EXERCISE PROMPT: Please give back the listing below word for word and drop any images.

THE DATA:
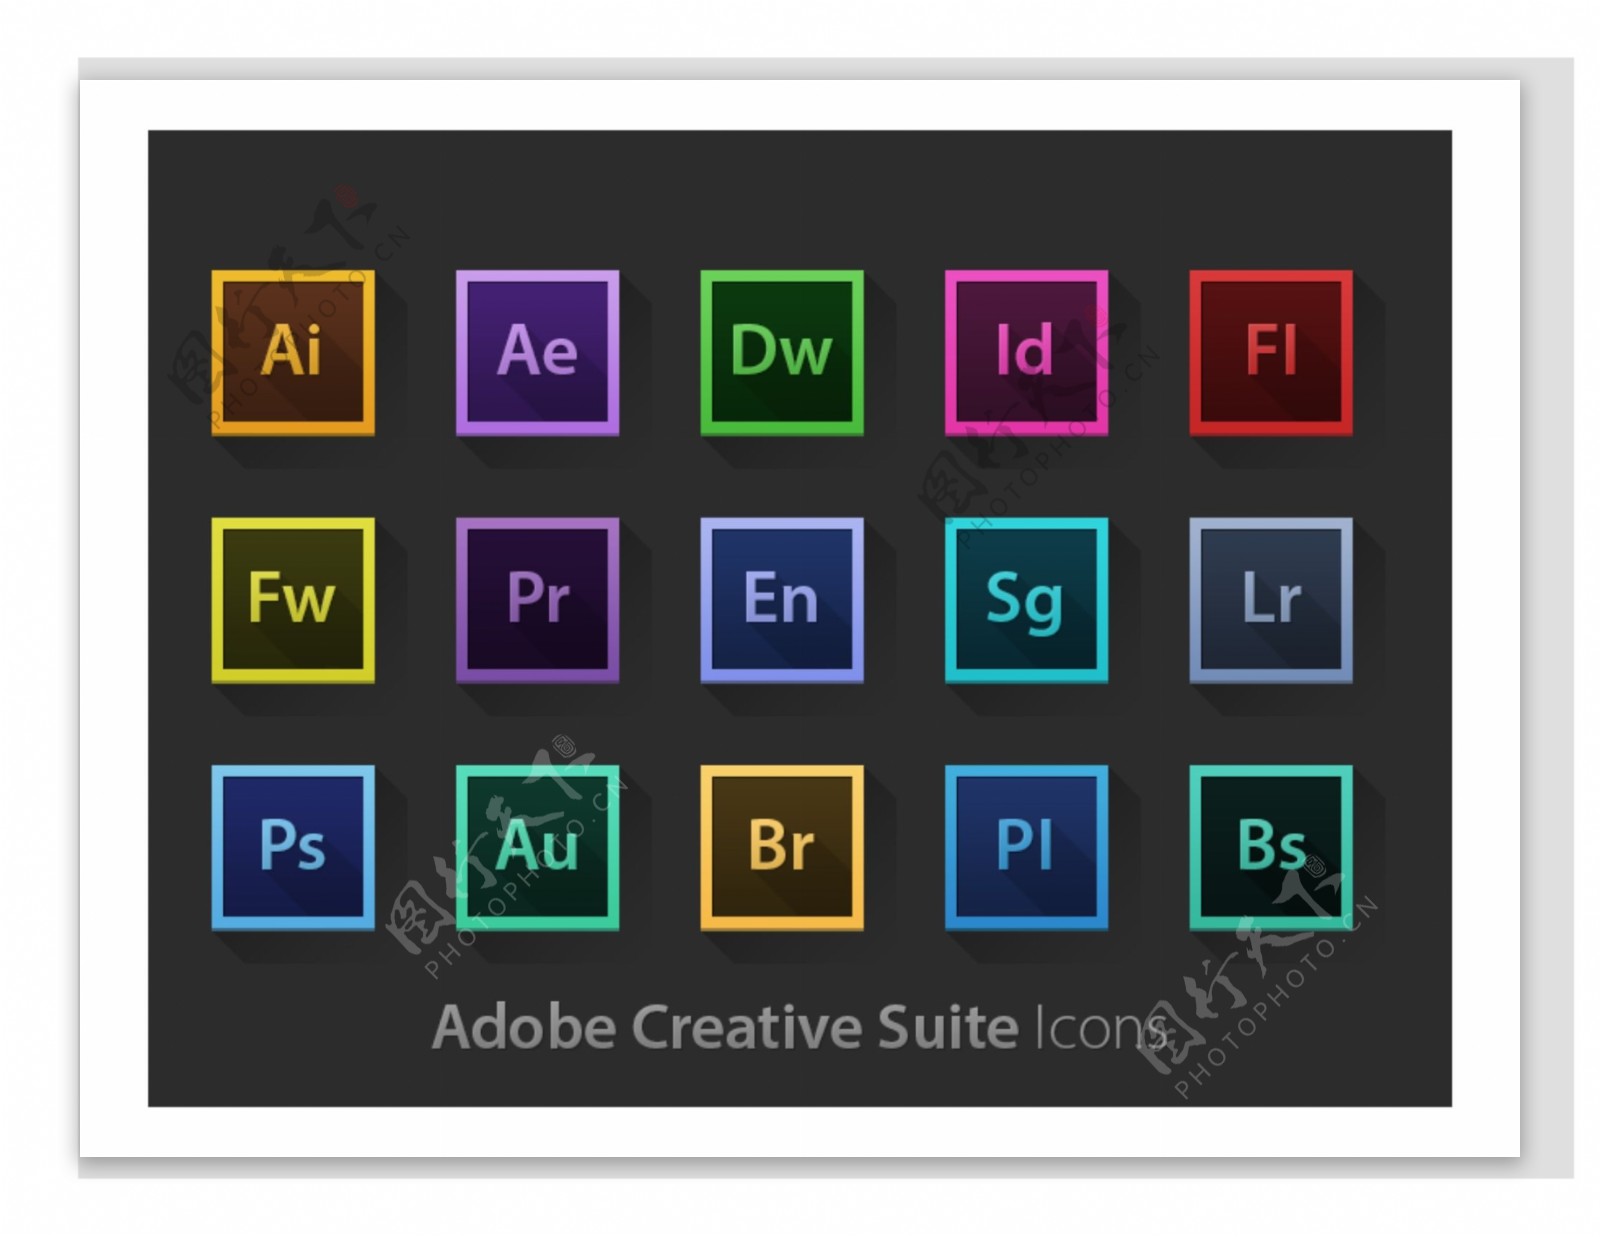 Adobe软件图标集锦
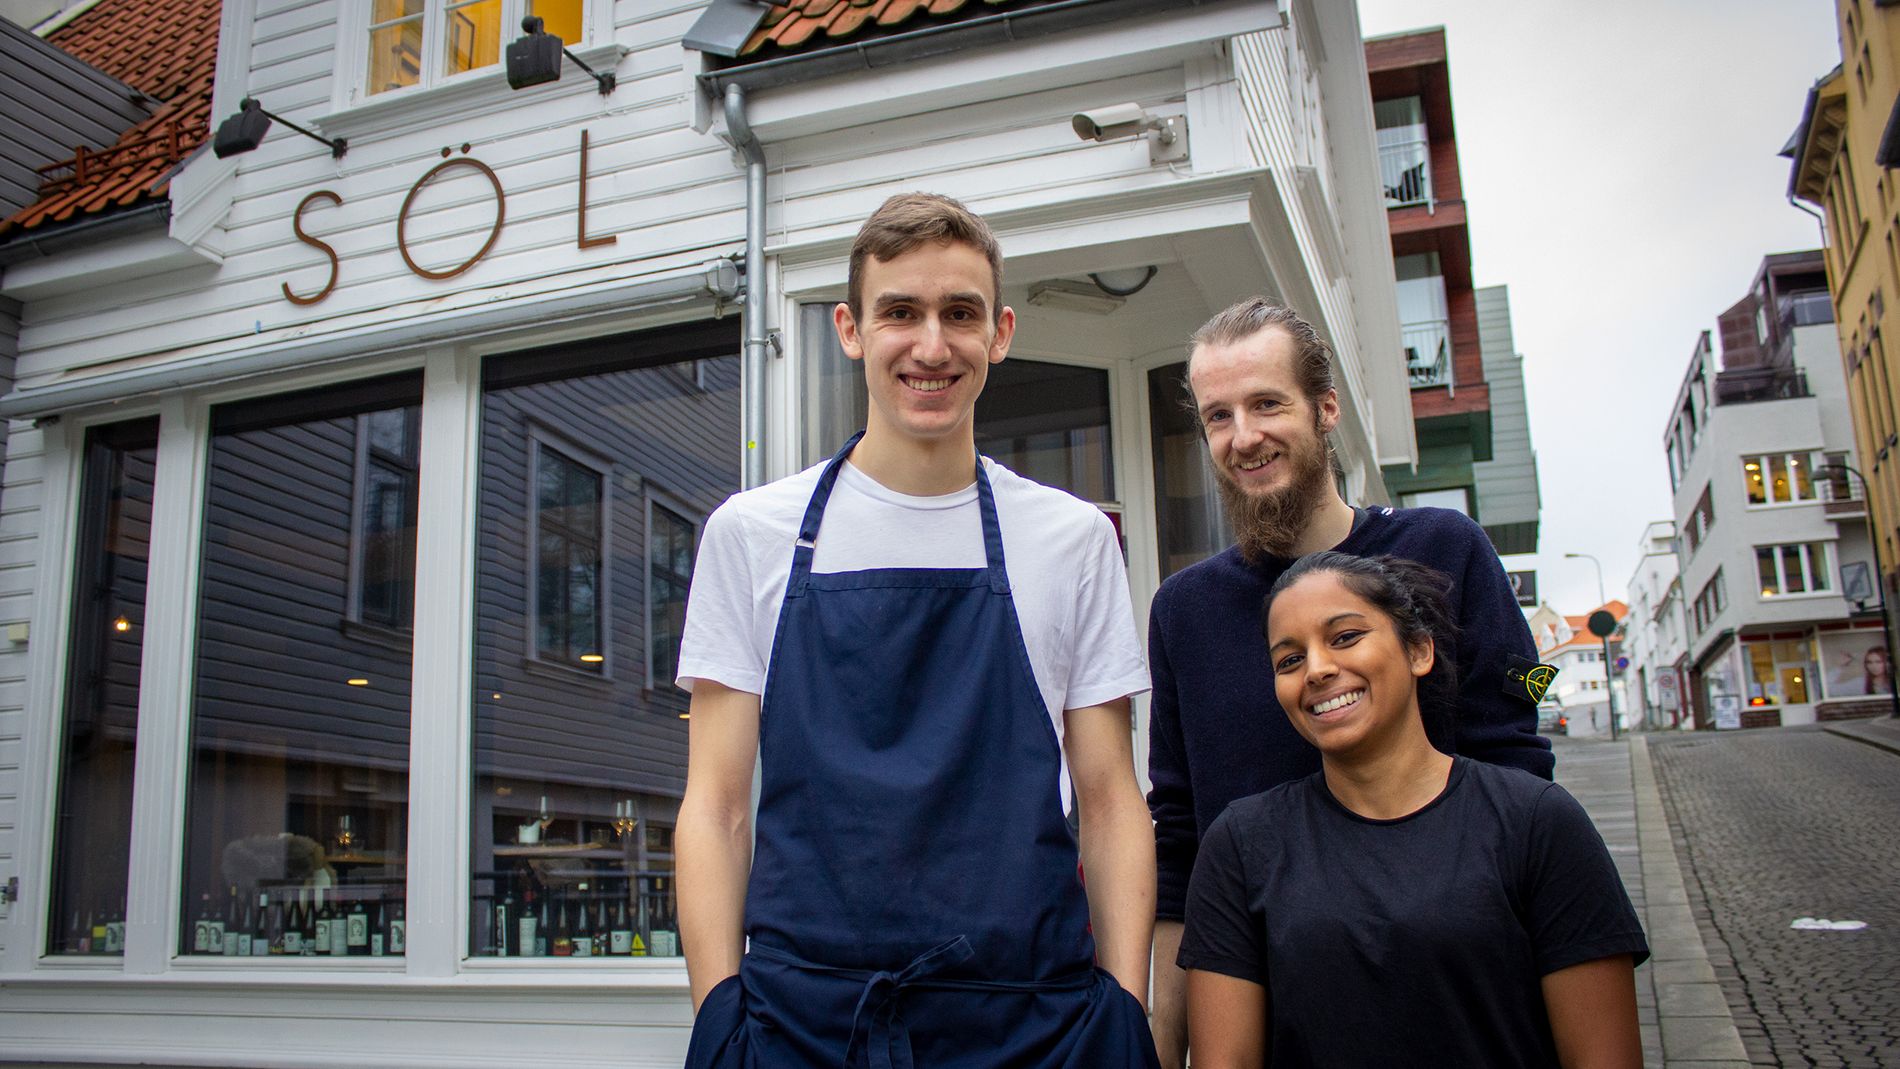 Magnus Haugland Paaske, Claes Helbak og Nayana Elisabeth Engh startet opp Söl i februar 2018. Restauranten har blitt en snakkis i byen, men også utenfor distriktet blir den lagt merke til. 
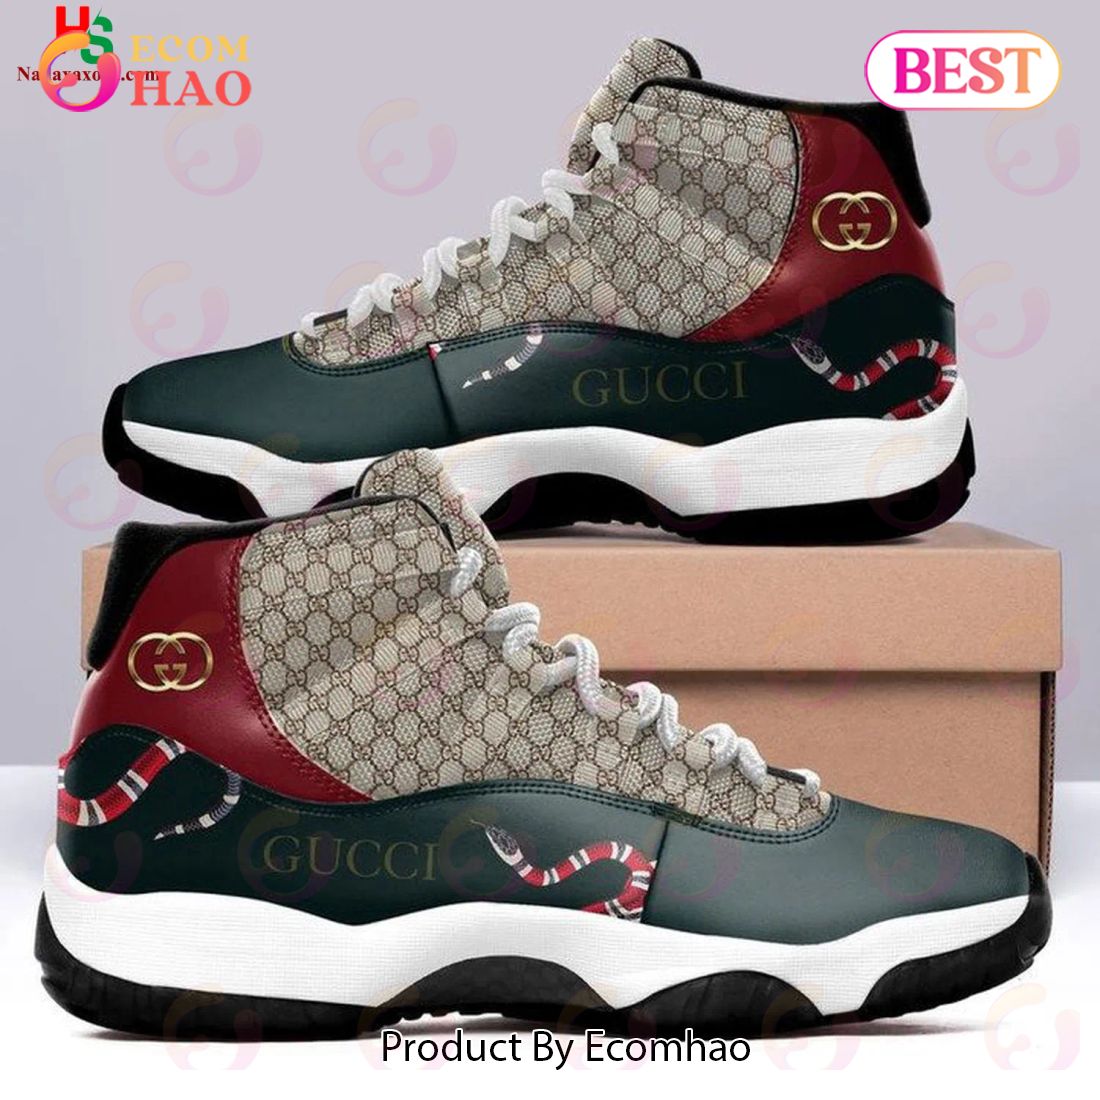 Snake Gucci Monogram Air Jordan 11 Shoes

COMPLETED EXERCISE:
 Adobe软件图标集锦
 Magnus Haugland Paaske, Claes Helbak og Nayana Elisabeth Engh startet opp Söl i februar 2018. Restauranten har blitt en snakkis i byen, men også utenfor distriktet blir den lagt merke til. 
 Snake Gucci Monogram Air Jordan 11 Shoes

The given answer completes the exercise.